### What the task asks
Look below for the line containing "30mm Dia Ball" and the line containing "6 factors wealthy people have in common", then set down both and every line between them exactly, without pictures.

### Information shown

━━━━━━━━━━━━━━━━━━━━

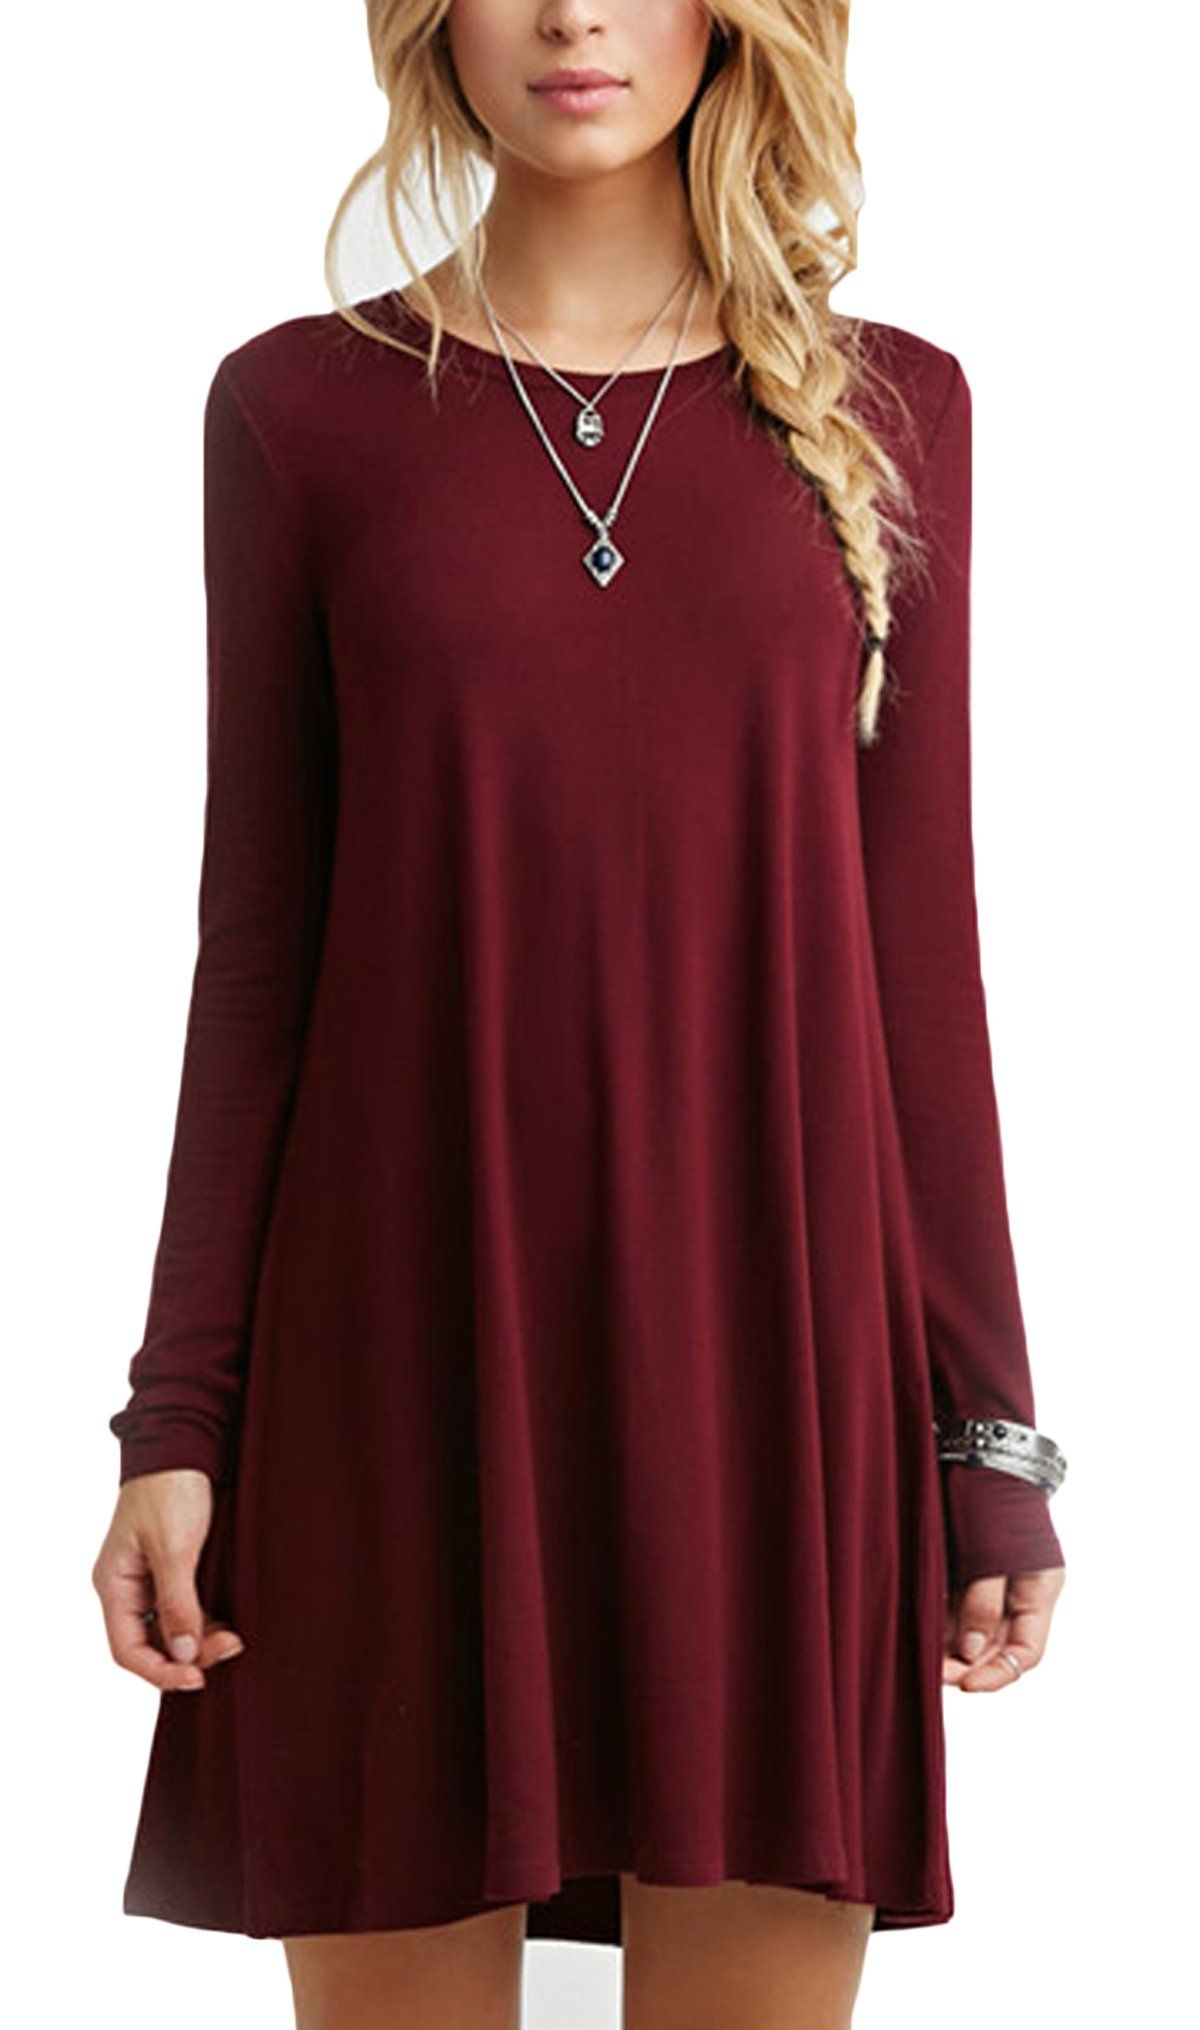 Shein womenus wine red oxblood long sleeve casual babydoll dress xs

━━━━━━━━━━━━━━━━━━━━

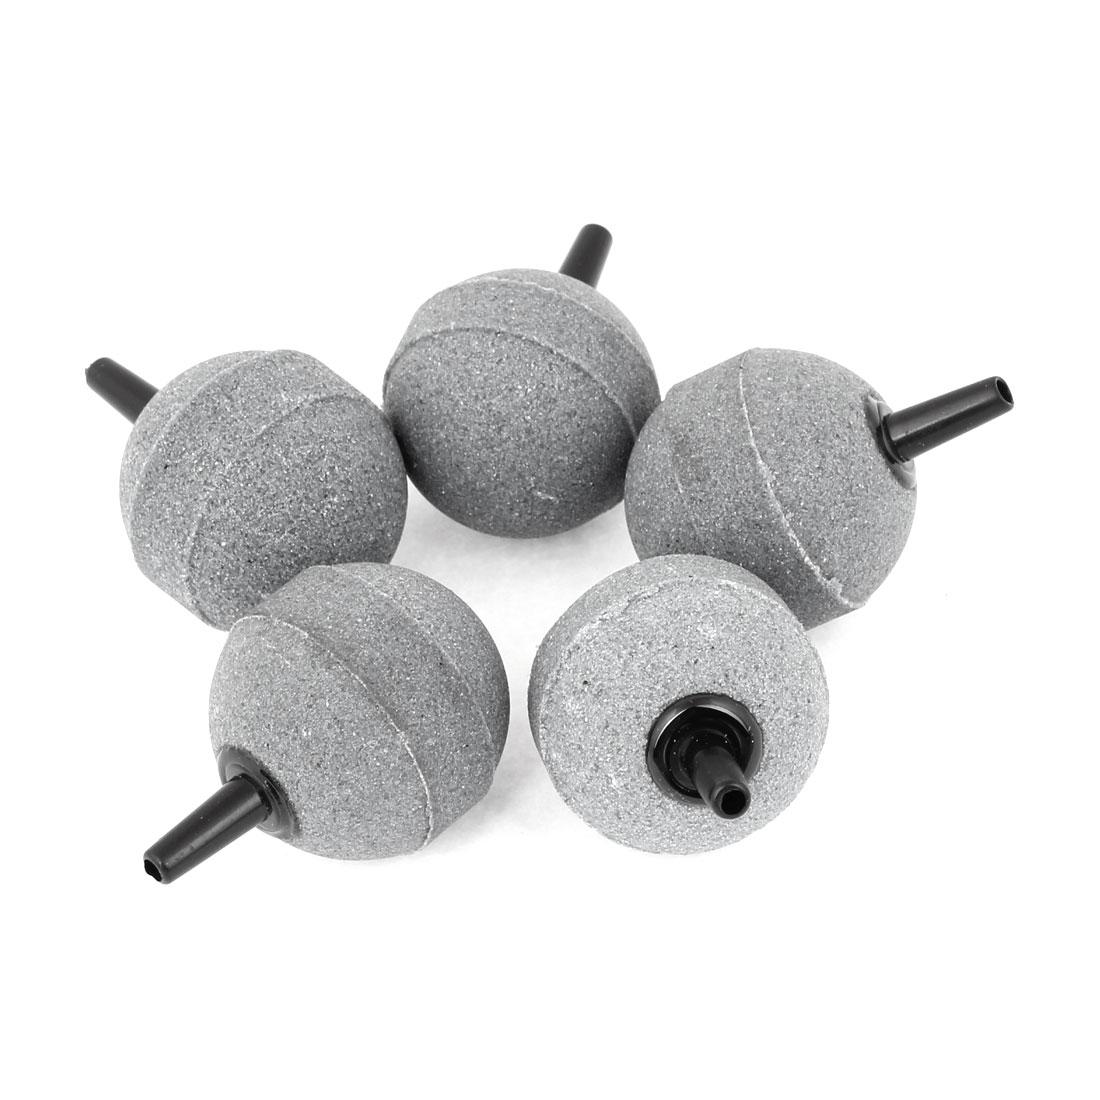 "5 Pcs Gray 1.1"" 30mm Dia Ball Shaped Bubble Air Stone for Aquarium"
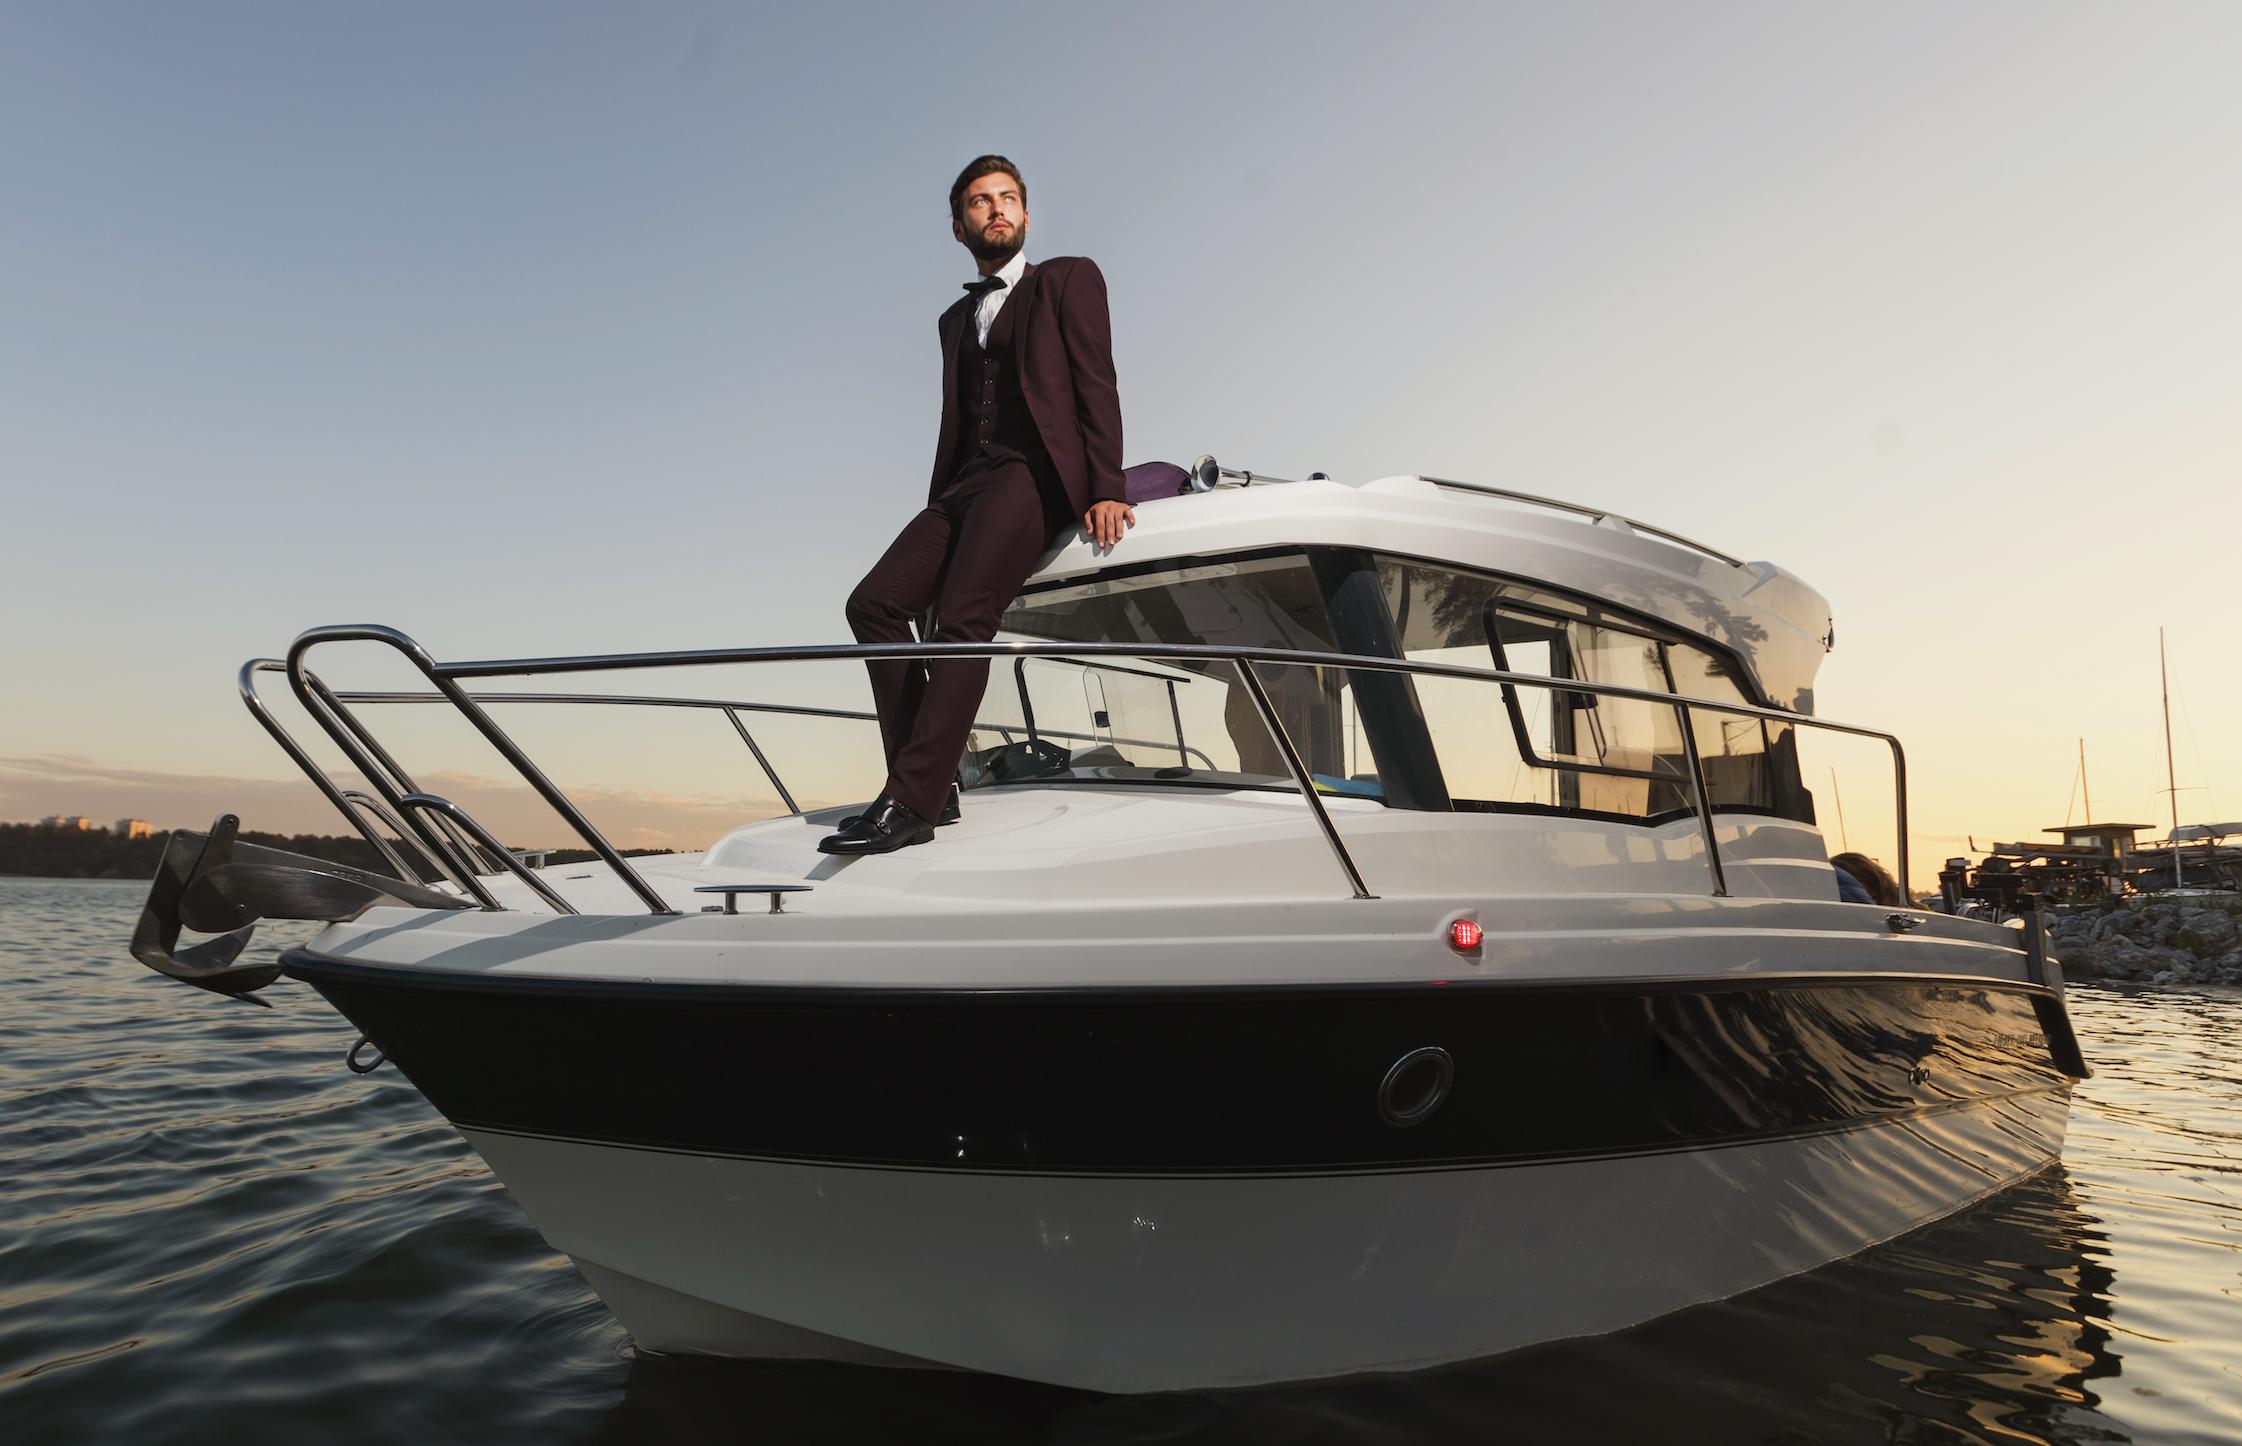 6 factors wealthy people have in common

━━━━━━━━━━━━━━━━━━━━

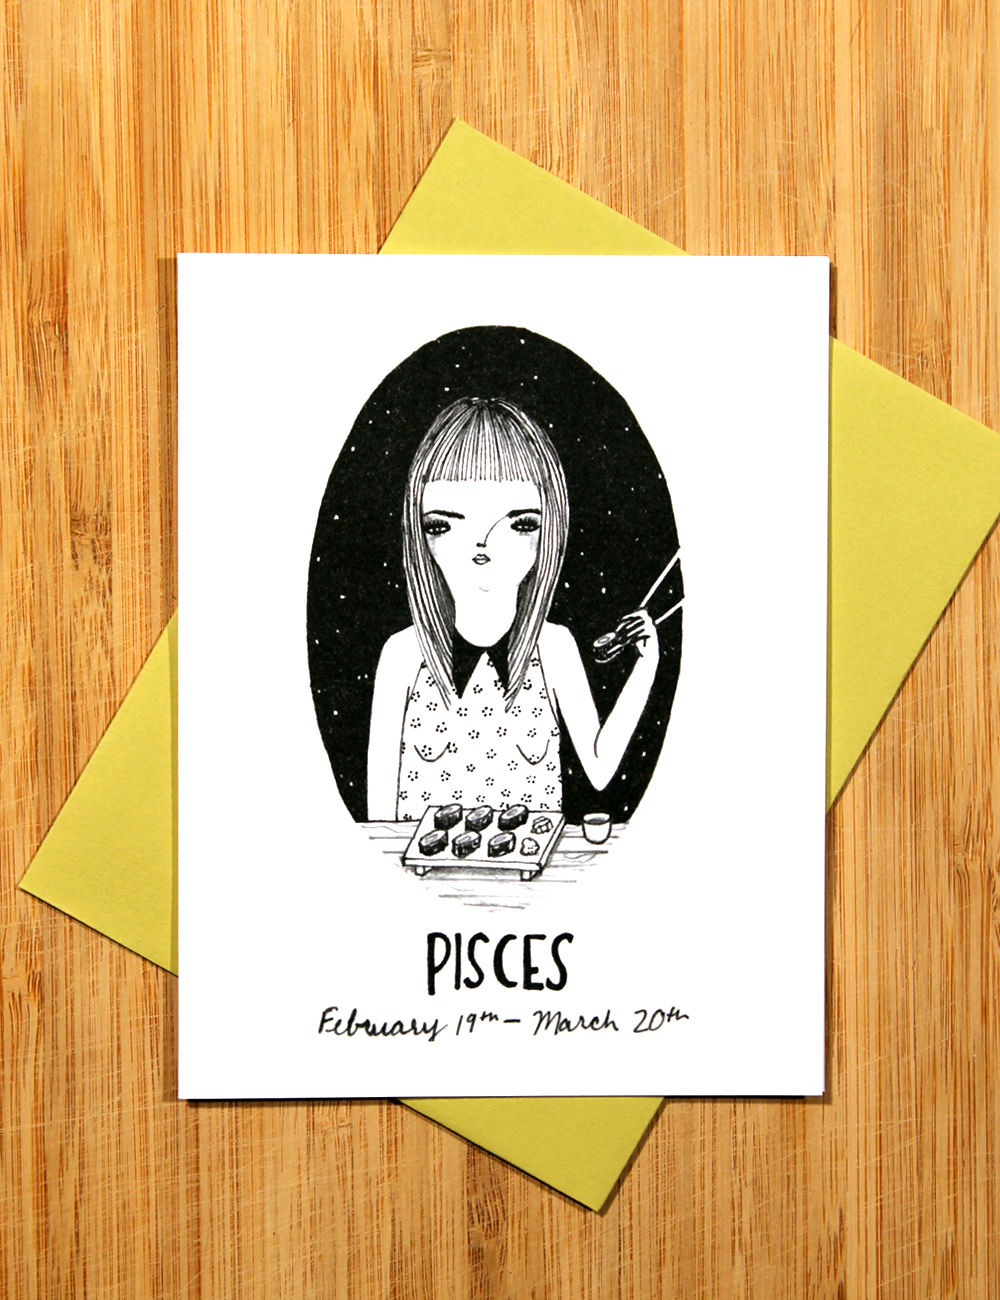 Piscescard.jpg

━━━━━━━━━━━━━━━━━━━━

### Solution to this problem
 "5 Pcs Gray 1.1"" 30mm Dia Ball Shaped Bubble Air Stone for Aquarium"
 6 factors wealthy people have in common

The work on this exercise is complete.